The data:
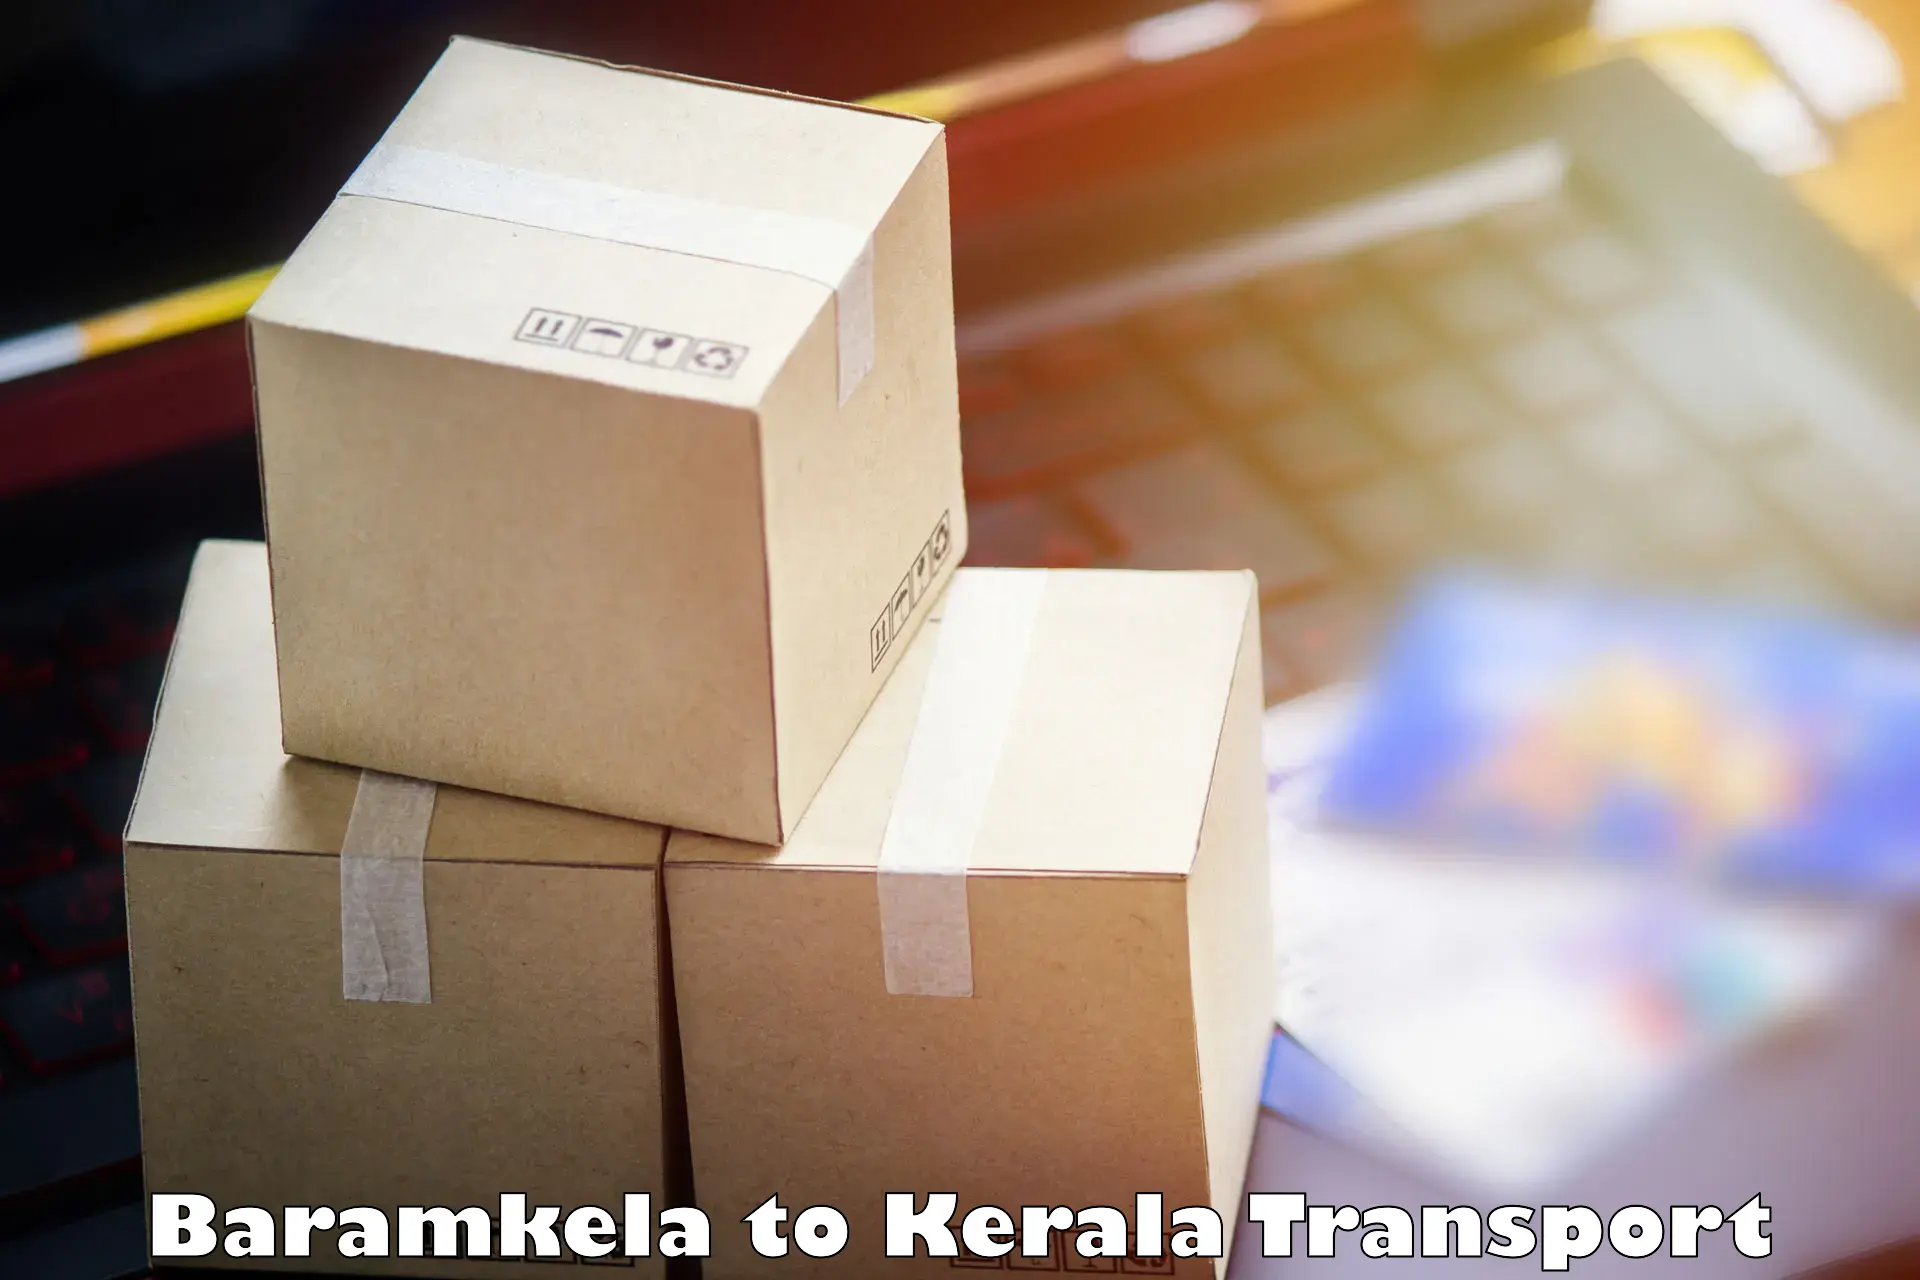 Shipping services Baramkela to Kuttiady
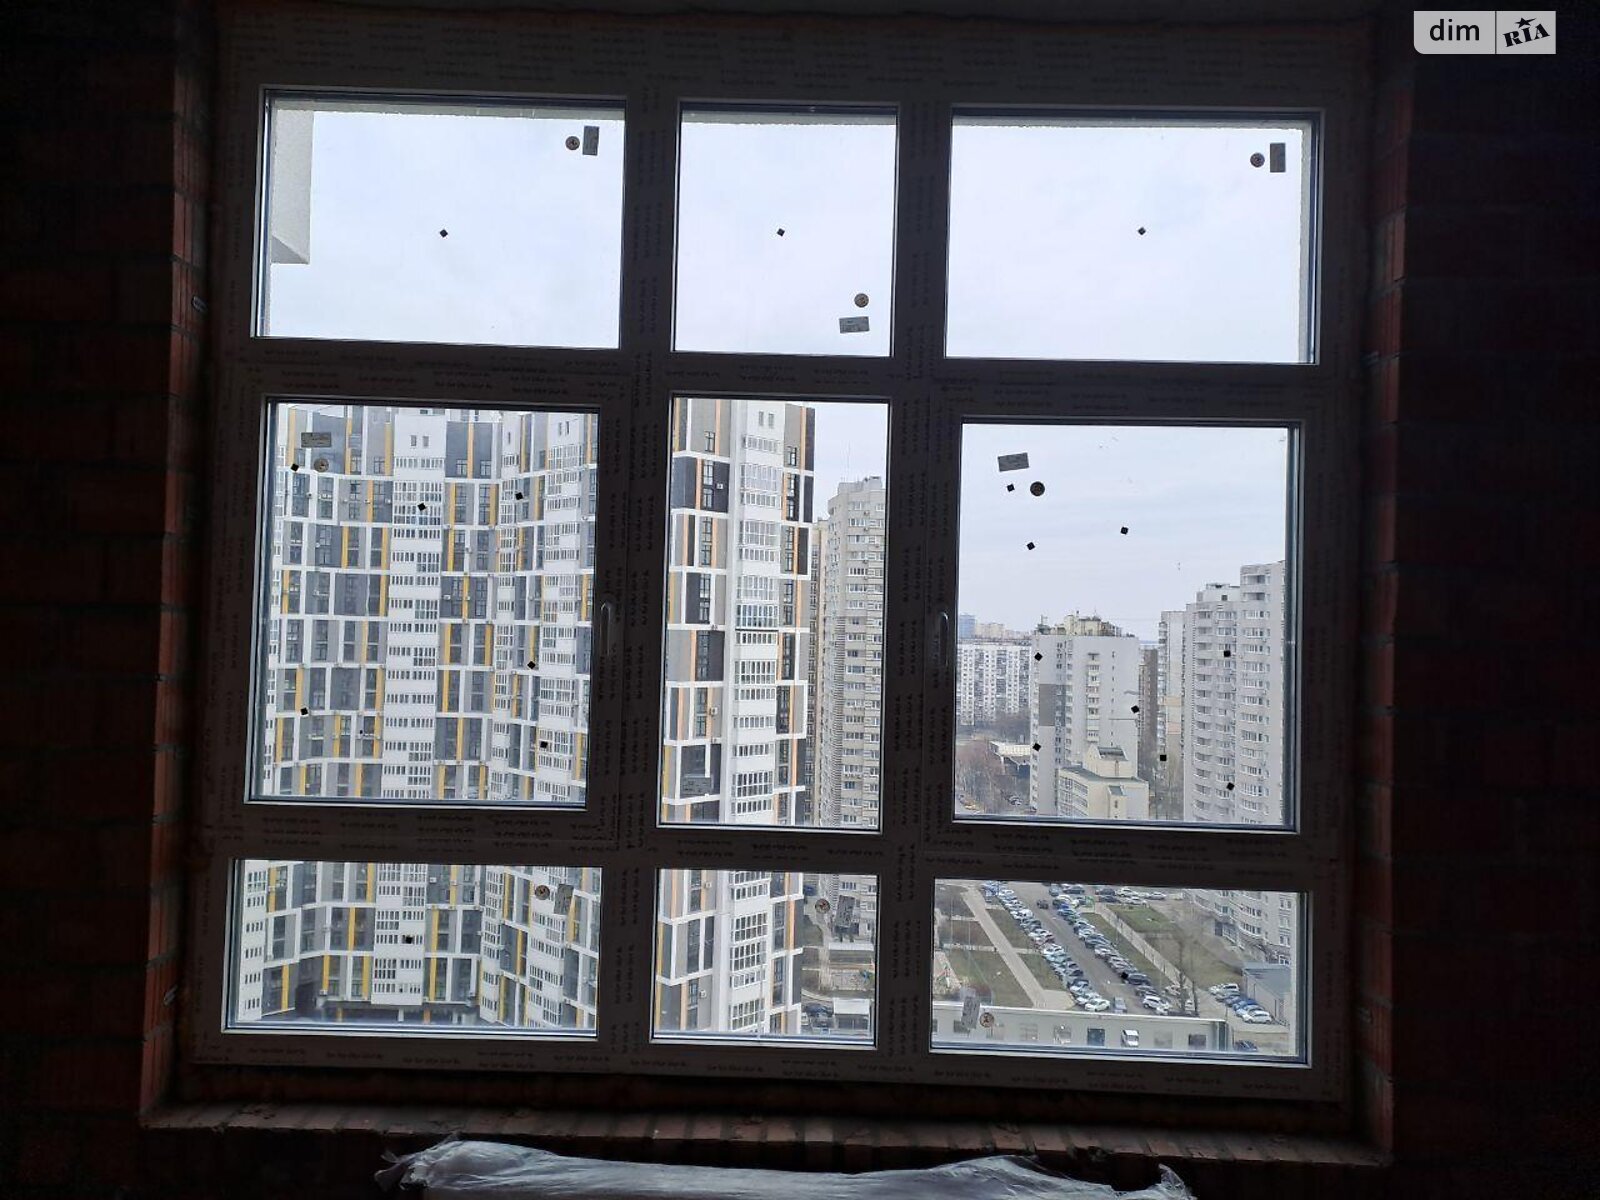 Продажа однокомнатной квартиры в Киеве, на ул. Никольско-Слободская 11, район Левобережный Масив фото 1
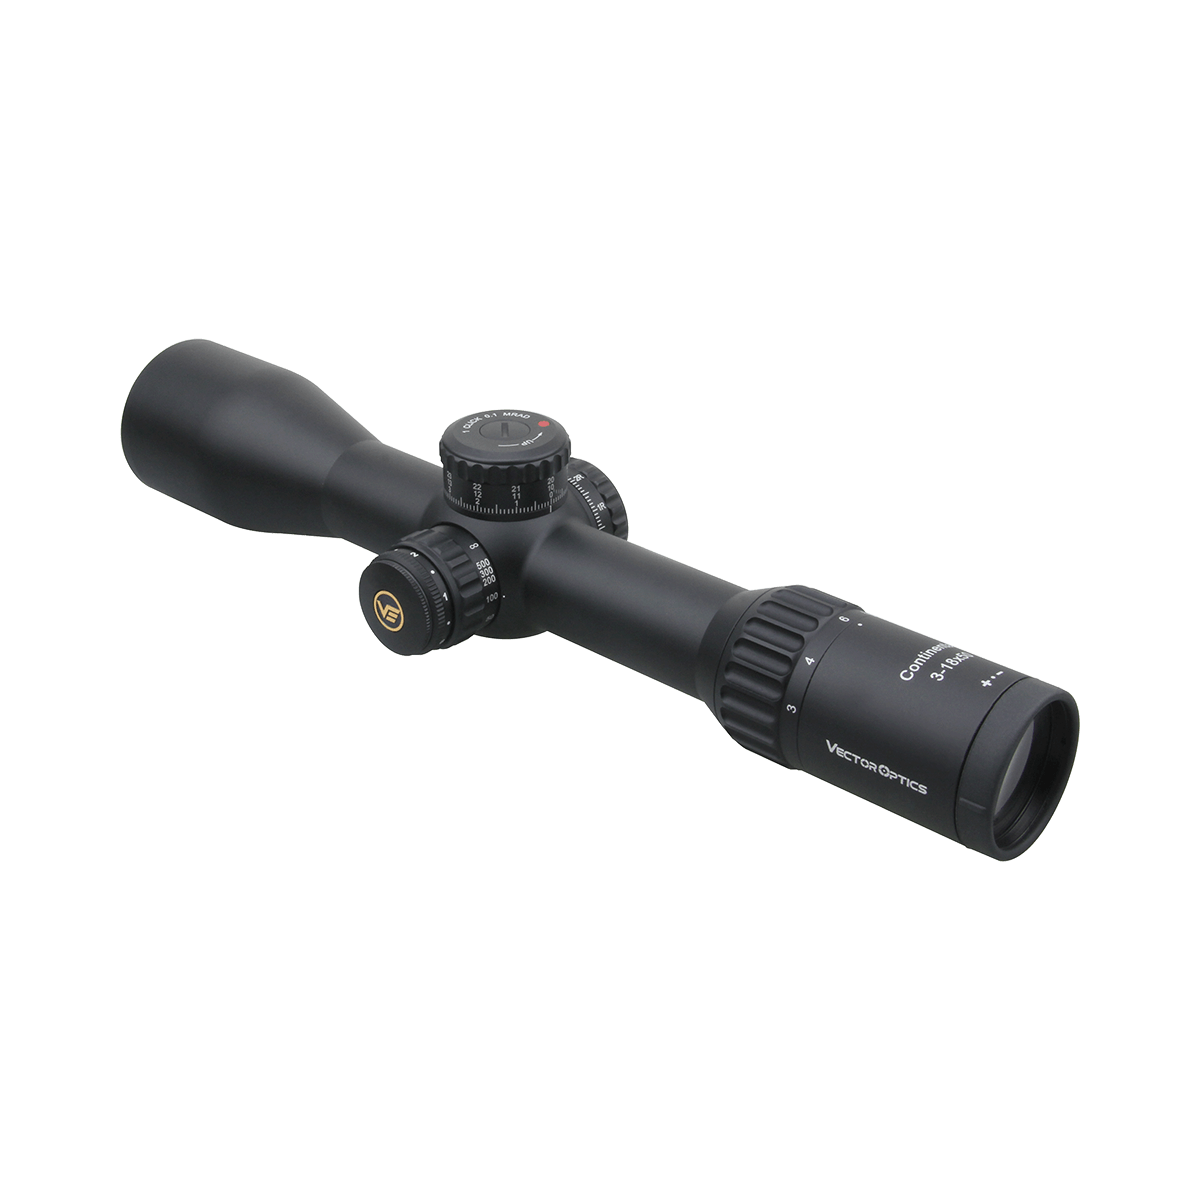 34mm Continental x6 3-18x50 VCT FFP Riflescope

What you should do:
Would you retype every line shown above exactly, leaving the pictures aside?

Exercise result:
 Shipping services Baramkela to Kuttiady
 Продажа однокомнатной квартиры в Киеве, на ул. Никольско-Слободская 11, район Левобережный Масив фото 1
 34mm Continental x6 3-18x50 VCT FFP Riflescope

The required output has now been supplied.